Presentación del Museo Migrante en el Festival por la Transparencia y el Derecho a Sabre, Chenalhó, Chiapas (septiembre 2016). Foto: Rodrigo Barraza García.
Es así como mi lucha de justicia social e inclusión ya no es solo hacía afuera – contra los gobiernos y sus políticas – sino también hacía dentro del movimiento. Ante el contexto político de la región y los niveles de exclusiones que he enfrentado con mis hermanos y hermanas en la lucha, tuve que buscar un camino alternativo donde voces como la mía no pudieran ser cooptadas o ignoradas. Ya era hora de empezar un esfuerzo propio, de impulsar proyectos de migrantes para migrantes.
Ahora regreso a Tijuana, fortalecida después de un par de años de desgaste emocional crónico agravado por las batallas internas que no había anticipado enfrentar en esta lucha. En el sur, pude aprender desde otra manera de mirar y pensar, una que se diseña desde la horizontalidad de colaboración que no había visto en la práctica, aterrizada a partir de metodologías participativas. El crear espacios donde el migrante es el experto de la migración, el protagonista principal en todos los procesos y los trabajos organizativos y no solo un sujeto de estudio al quién se les extrae datos o testimonios.
Este es el trabajo en el que llegué a integrarme durante mi estancia en Chiapas con Voces Mesoamericanas, Acción con Pueblos Migrantes A.C. Fue alentador conocer y colaborar con una organización que busca la auto-organización de las propias comunidades migrantes para que puedan convertirse en sujetos políticos y tener la capacidad de ejercer sus derechos. En mi opinión, este debería de ser el objetivo principal de las organizaciones que buscan la protección de los derechos de las y los migrantes. Pero la realidad es que no es común que las personas migrantes tengan el espacio de participación para influir en la agenda de trabajo o procesos incidencia de las organizaciones civiles en México. Los tecnócratas y expertos en políticas públicas dentro de sociedad civil le dan poca importancia o prioridad. Llegué a concluir que esta es la razón por la cual hay un desconecte con la misma población que buscan proteger.
Ahora regreso a Tijuana, fortalecida después de un par de años de desgaste emocional crónico agravado por las batallas internas que no había anticipado enfrentar en esta lucha. En el sur, pude aprender desde otra manera de mirar y pensar, una que se diseña desde la horizontalidad de colaboración que no había visto en la práctica, aterrizada a partir de metodologías participativas. El crear espacios donde el migrante es el experto de la migración, el protagonista principal en todos los procesos y los trabajos organizativos y no solo un sujeto de estudio al quién se les extrae datos o testimonios.

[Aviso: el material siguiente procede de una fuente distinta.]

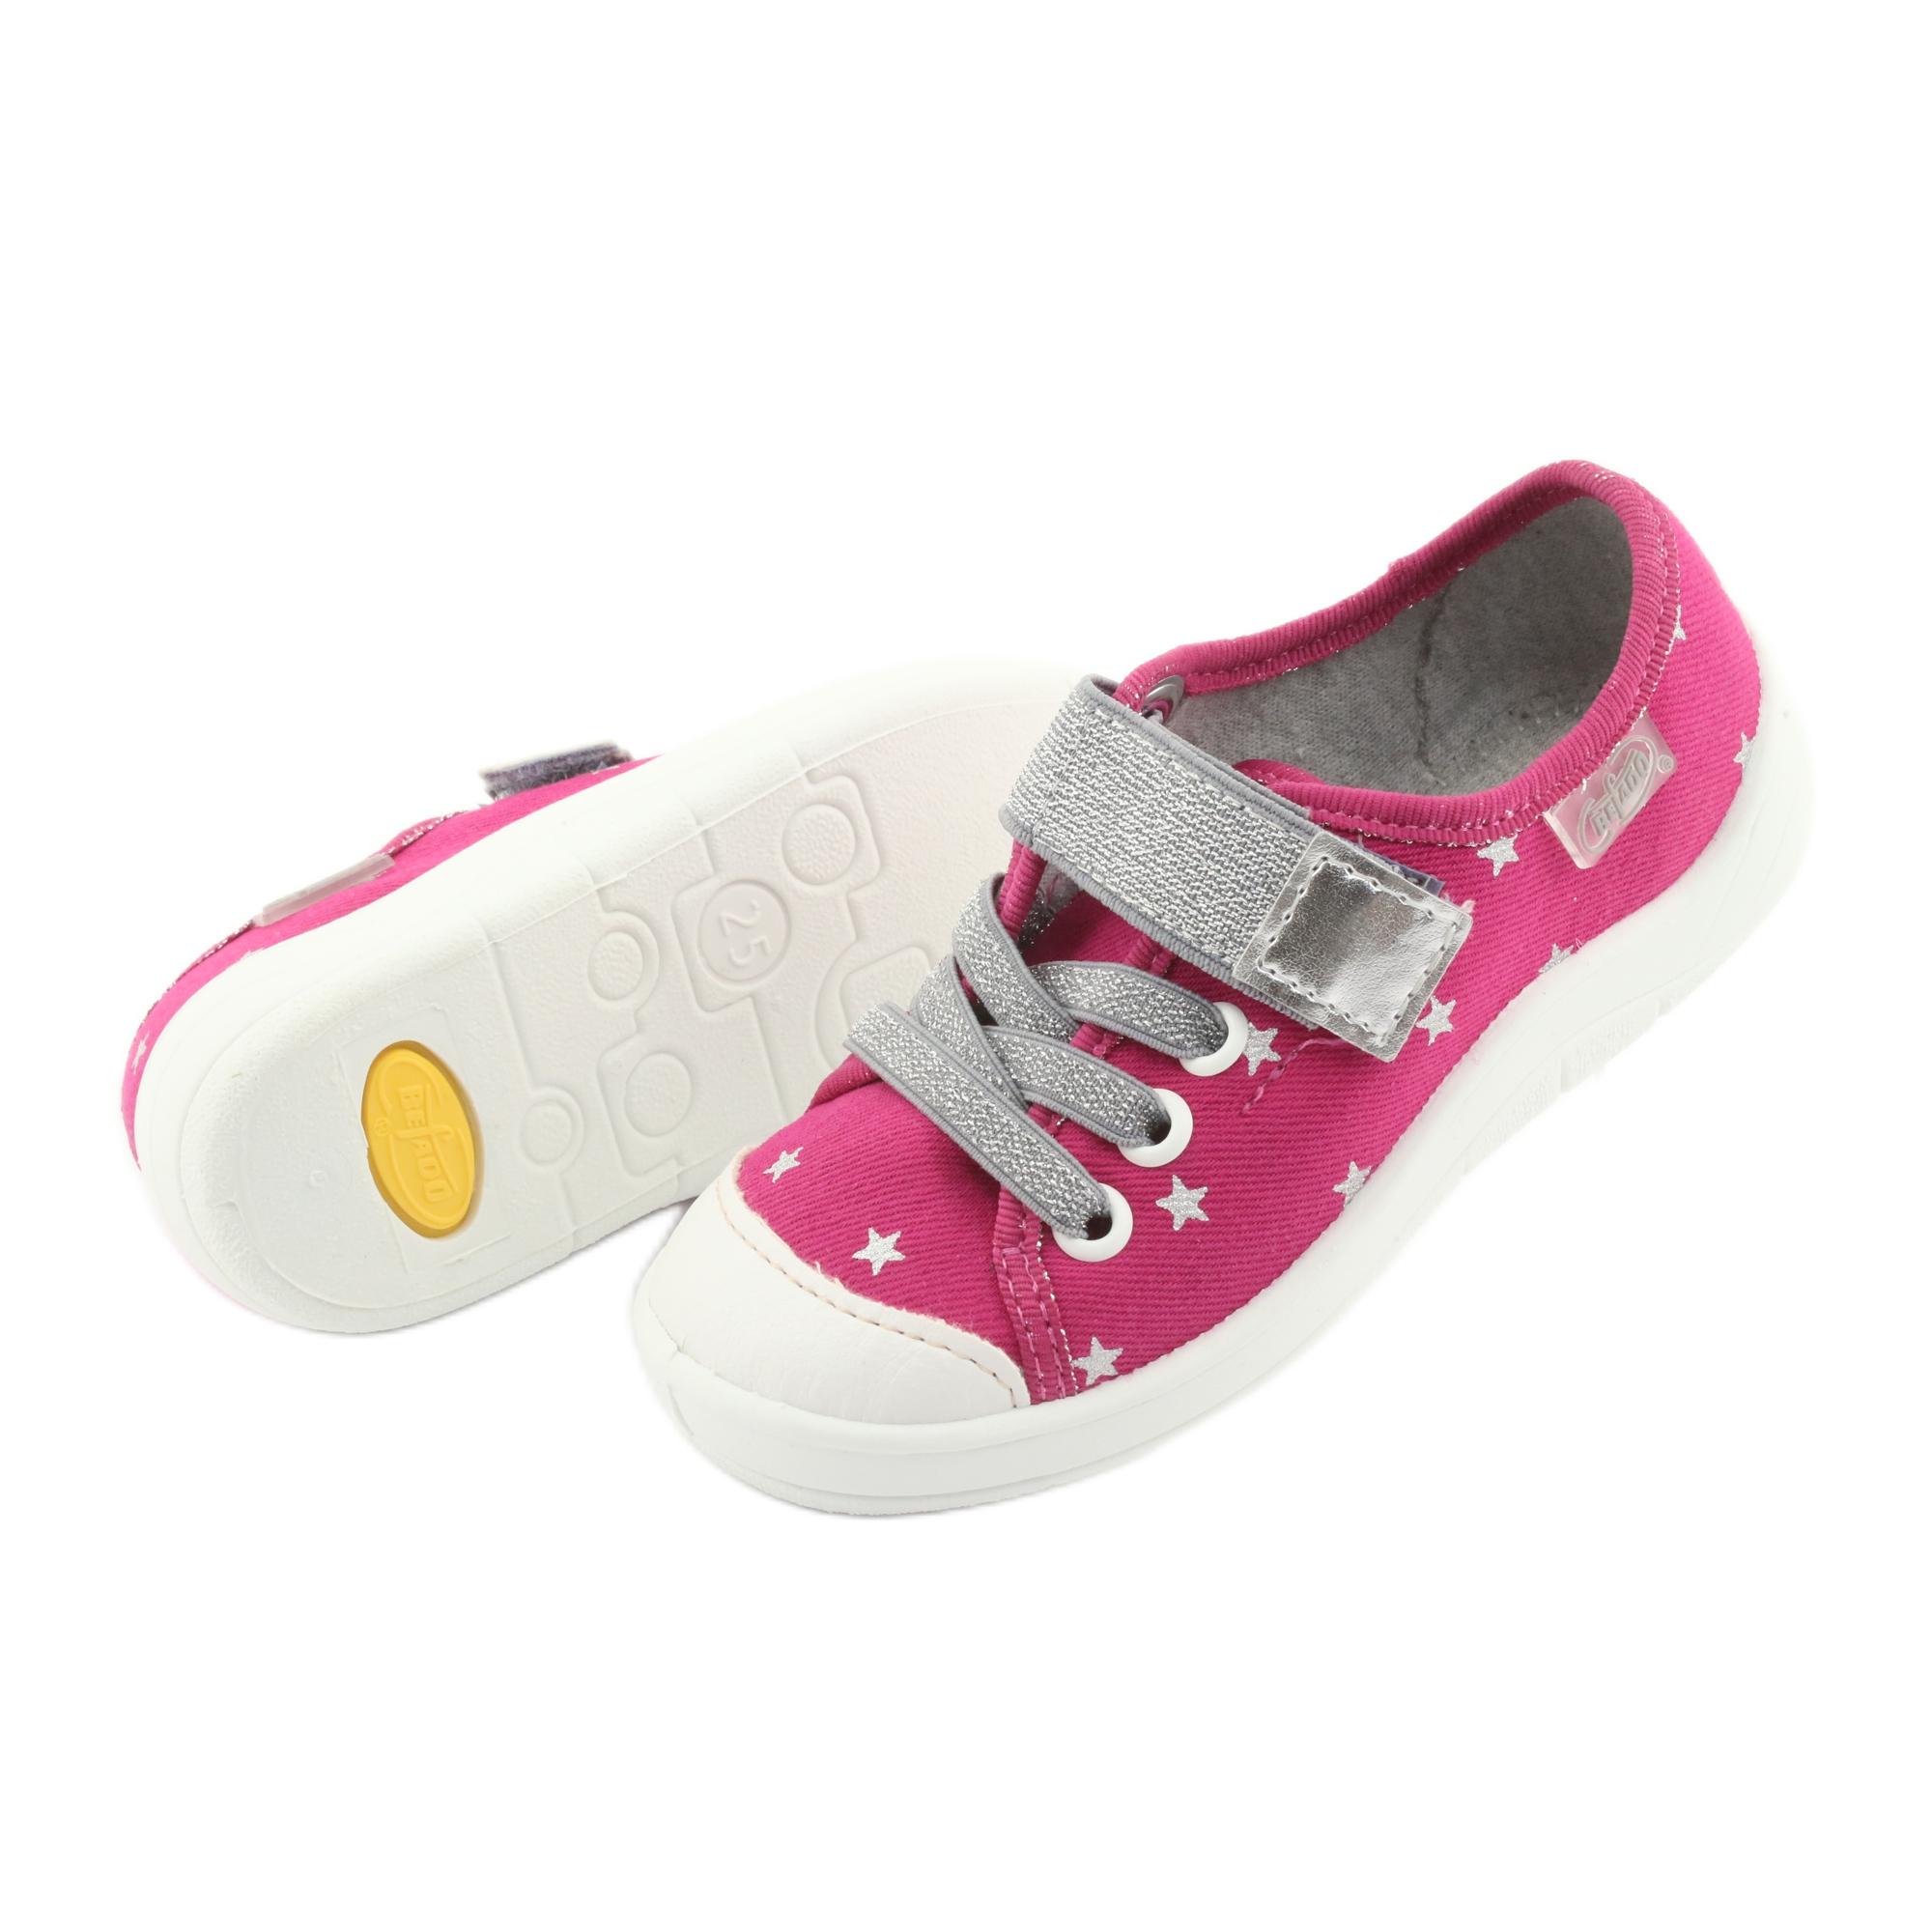 5a52fff4eb Pink Befado Kinderschuhe 251X106 - ButyModne.pl

Este es el trabajo en el que llegué a integrarme durante mi estancia en Chiapas con Voces Mesoamericanas, Acción con Pueblos Migrantes A.C. Fue alentador conocer y colaborar con una organización que busca la auto-organización de las propias comunidades migrantes para que puedan convertirse en sujetos políticos y tener la capacidad de ejercer sus derechos. En mi opinión, este debería de ser el objetivo principal de las organizaciones que buscan la protección de los derechos de las y los migrantes. Pero la realidad es que no es común que las personas migrantes tengan el espacio de participación para influir en la agenda de trabajo o procesos incidencia de las organizaciones civiles en México. Los tecnócratas y expertos en políticas públicas dentro de sociedad civil le dan poca importancia o prioridad. Llegué a concluir que esta es la razón por la cual hay un desconecte con la misma población que buscan proteger.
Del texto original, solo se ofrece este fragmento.